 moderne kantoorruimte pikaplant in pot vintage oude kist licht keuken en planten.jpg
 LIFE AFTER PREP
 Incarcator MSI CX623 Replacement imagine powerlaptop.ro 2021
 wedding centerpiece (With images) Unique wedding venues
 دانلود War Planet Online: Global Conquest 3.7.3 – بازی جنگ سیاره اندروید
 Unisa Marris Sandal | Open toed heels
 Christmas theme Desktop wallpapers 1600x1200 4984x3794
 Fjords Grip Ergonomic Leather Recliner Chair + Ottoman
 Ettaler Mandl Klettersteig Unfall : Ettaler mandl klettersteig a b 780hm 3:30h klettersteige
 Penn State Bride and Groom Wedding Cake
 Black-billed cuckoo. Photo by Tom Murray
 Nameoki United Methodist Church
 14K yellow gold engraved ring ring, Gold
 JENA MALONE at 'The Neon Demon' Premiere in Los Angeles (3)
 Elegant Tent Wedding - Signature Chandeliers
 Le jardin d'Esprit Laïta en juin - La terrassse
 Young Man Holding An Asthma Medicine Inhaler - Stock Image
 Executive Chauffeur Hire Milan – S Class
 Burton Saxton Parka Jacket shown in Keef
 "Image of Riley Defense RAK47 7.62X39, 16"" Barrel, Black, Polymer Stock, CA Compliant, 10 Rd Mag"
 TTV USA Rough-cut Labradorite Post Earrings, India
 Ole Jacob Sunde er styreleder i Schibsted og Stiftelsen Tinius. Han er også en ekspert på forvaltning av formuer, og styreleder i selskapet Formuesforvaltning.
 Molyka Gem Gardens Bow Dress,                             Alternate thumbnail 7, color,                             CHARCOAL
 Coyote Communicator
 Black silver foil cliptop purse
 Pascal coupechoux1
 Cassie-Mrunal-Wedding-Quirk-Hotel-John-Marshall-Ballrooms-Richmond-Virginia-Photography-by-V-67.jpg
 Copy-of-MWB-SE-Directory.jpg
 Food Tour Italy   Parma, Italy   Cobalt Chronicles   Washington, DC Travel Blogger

## WORK REQUEST:
All lines above that hold the string "Black" should be copied.

## SOLUTION FOR THIS TASK:
 Black-billed cuckoo. Photo by Tom Murray
 "Image of Riley Defense RAK47 7.62X39, 16"" Barrel, Black, Polymer Stock, CA Compliant, 10 Rd Mag"
 Black silver foil cliptop purse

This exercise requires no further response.